The success of the improved model can be attributed to several factors. The Mish activation facilitates better learning of complex dust patterns. The mixed-depthwise convolution adapts to varying particle sizes—critical since dust on solar panels can range from fine powder to larger debris. The CA module helps the model focus on relevant spatial regions, reducing confusion from background textures or image artifacts. Importantly, these enhancements align with the need for lightweight models; the CA module, in particular, replaces heavy pointwise convolutions, cutting down parameters and computations. From a practical standpoint, this means the model can be deployed on mobile or embedded systems for real-time inspection of solar panels in the field, enabling frequent monitoring without requiring expensive equipment.
However, there are limitations to this study. The dataset, though augmented, is from only four regions; expanding to more diverse geographical locations would improve model robustness. Additionally, the current work focuses on classification accuracy but does not directly correlate dust types with power loss metrics of solar panels. Future research should integrate physical models to estimate efficiency degradation based on identified dust categories. Another direction is to explore real-time video analysis for dynamic dust accumulation monitoring on solar panels.

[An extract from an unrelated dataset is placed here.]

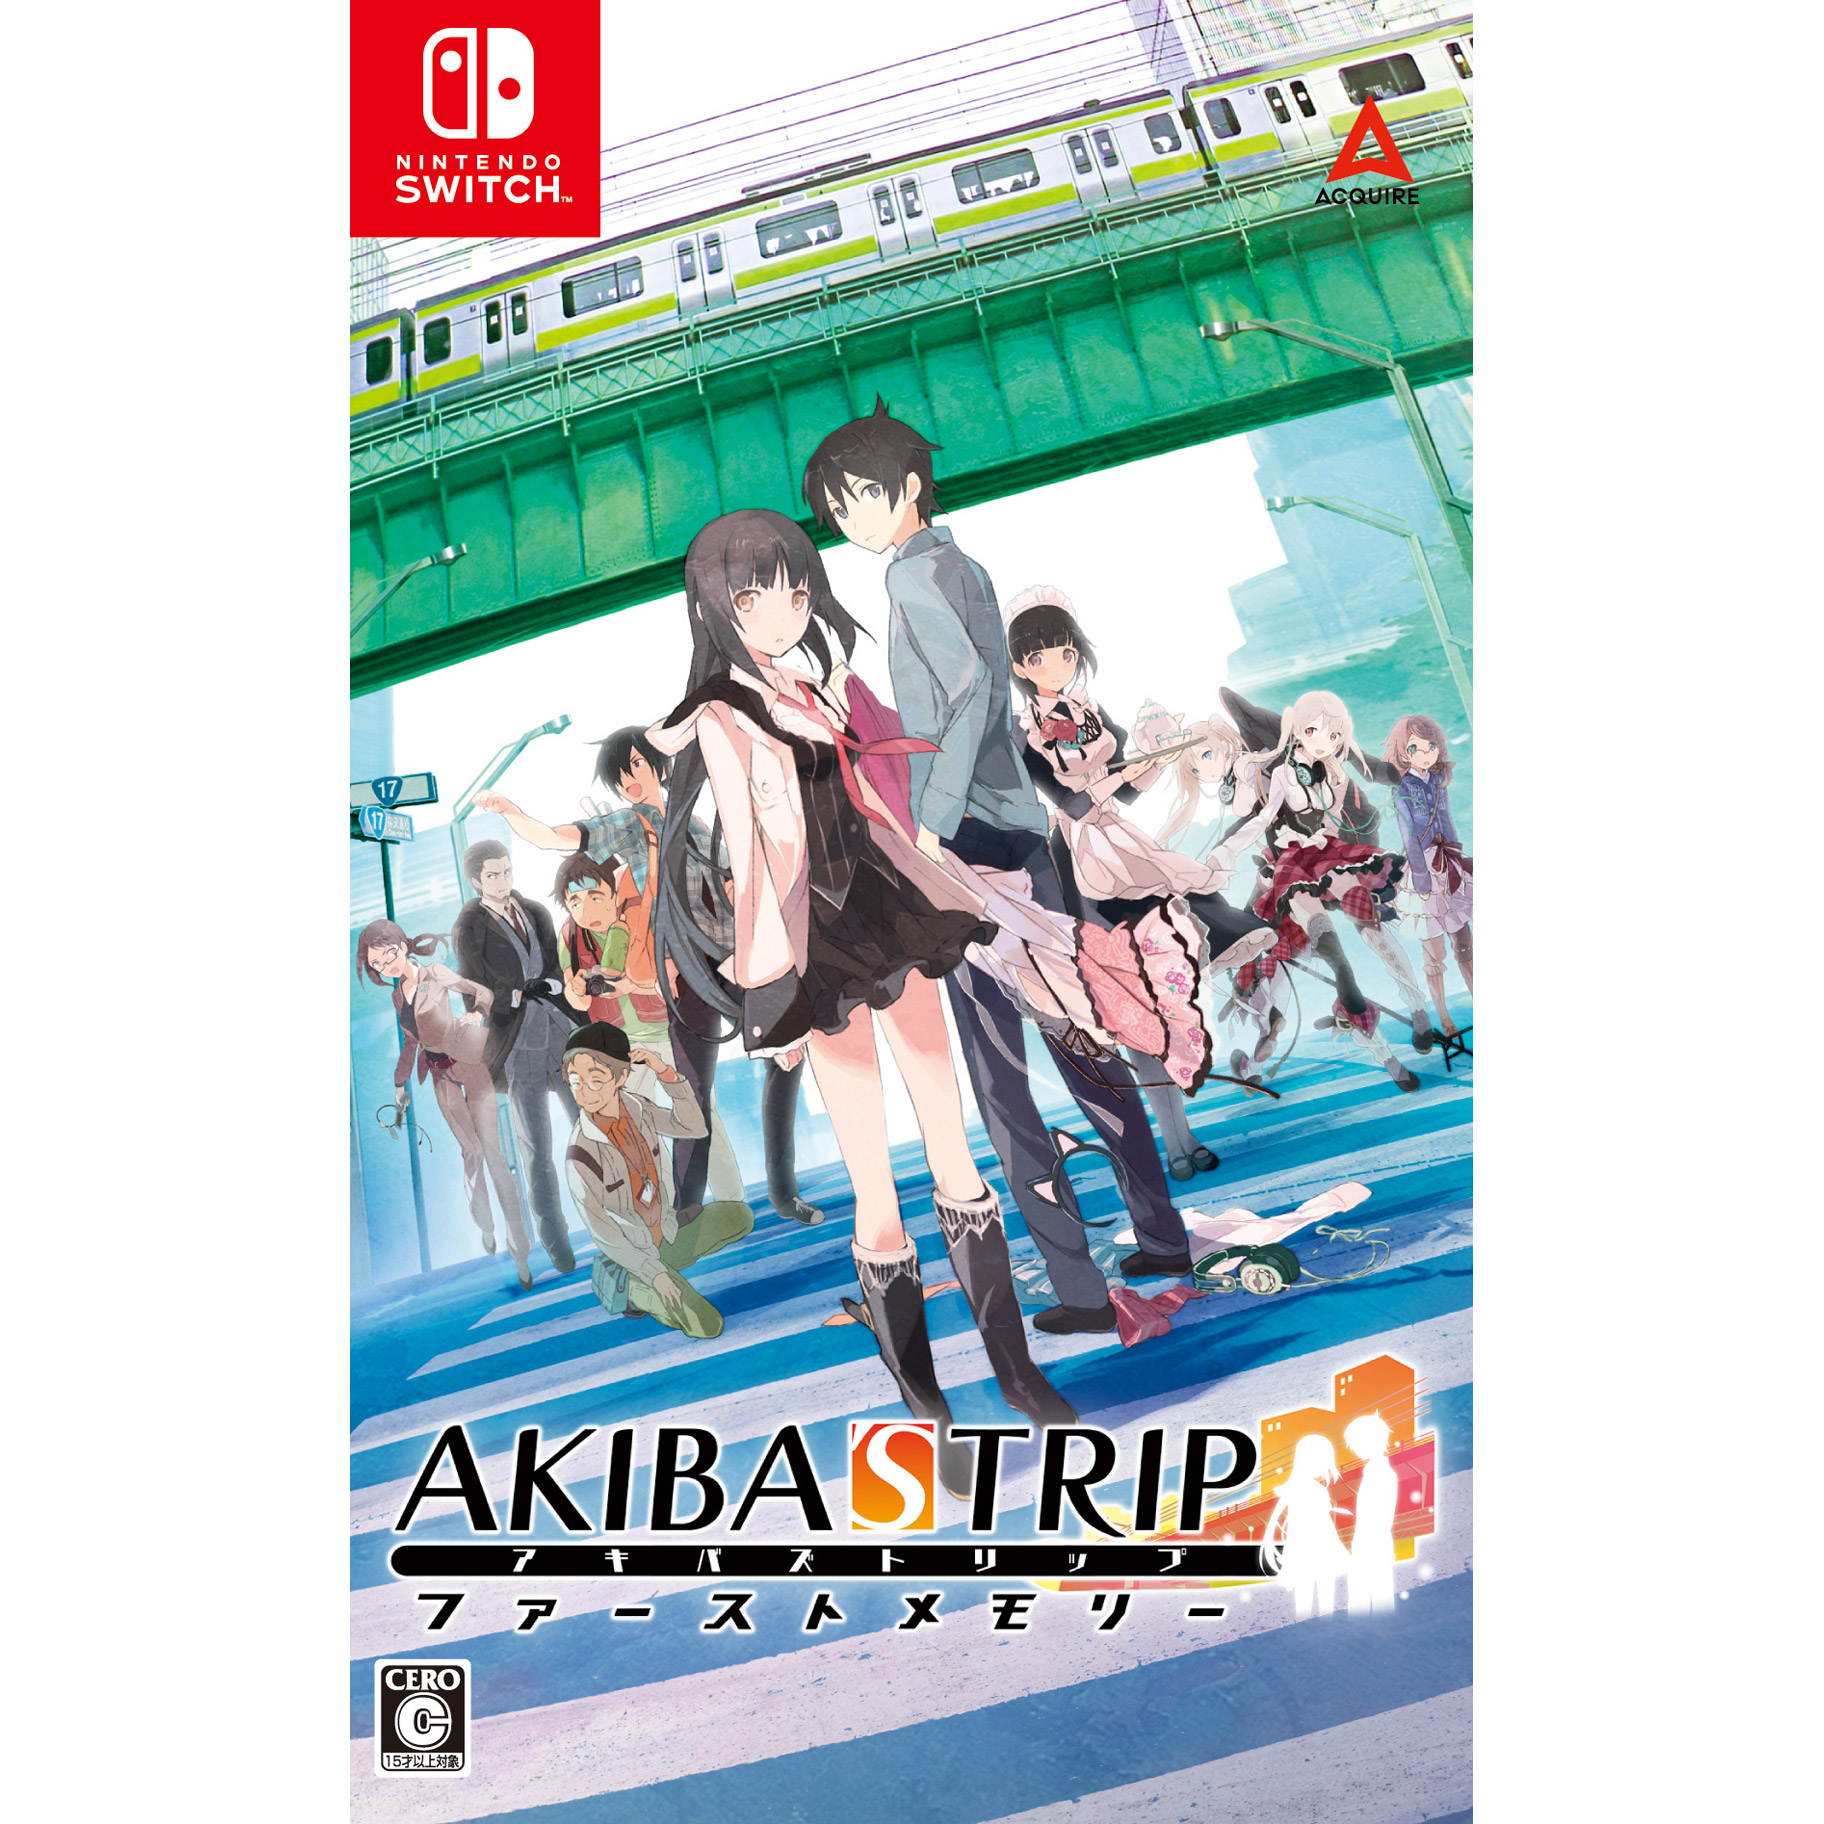 AKIBA’S TRIP ファーストメモリー 通常版 【Switchゲームソフト】【sof001】

In conclusion, I have developed an enhanced ShuffleNetV2-based model for identifying dust particles on solar panels. By incorporating Mish activation, mixed-depthwise convolution, and coordinate attention, the model achieves superior accuracy and reduced computational complexity compared to existing lightweight networks. This work underscores the potential of tailored deep learning solutions for maintaining solar panel efficiency, contributing to the broader goal of optimizing renewable energy systems. As solar energy continues to expand, such automated inspection tools will become increasingly valuable for ensuring peak performance and longevity of solar installations worldwide.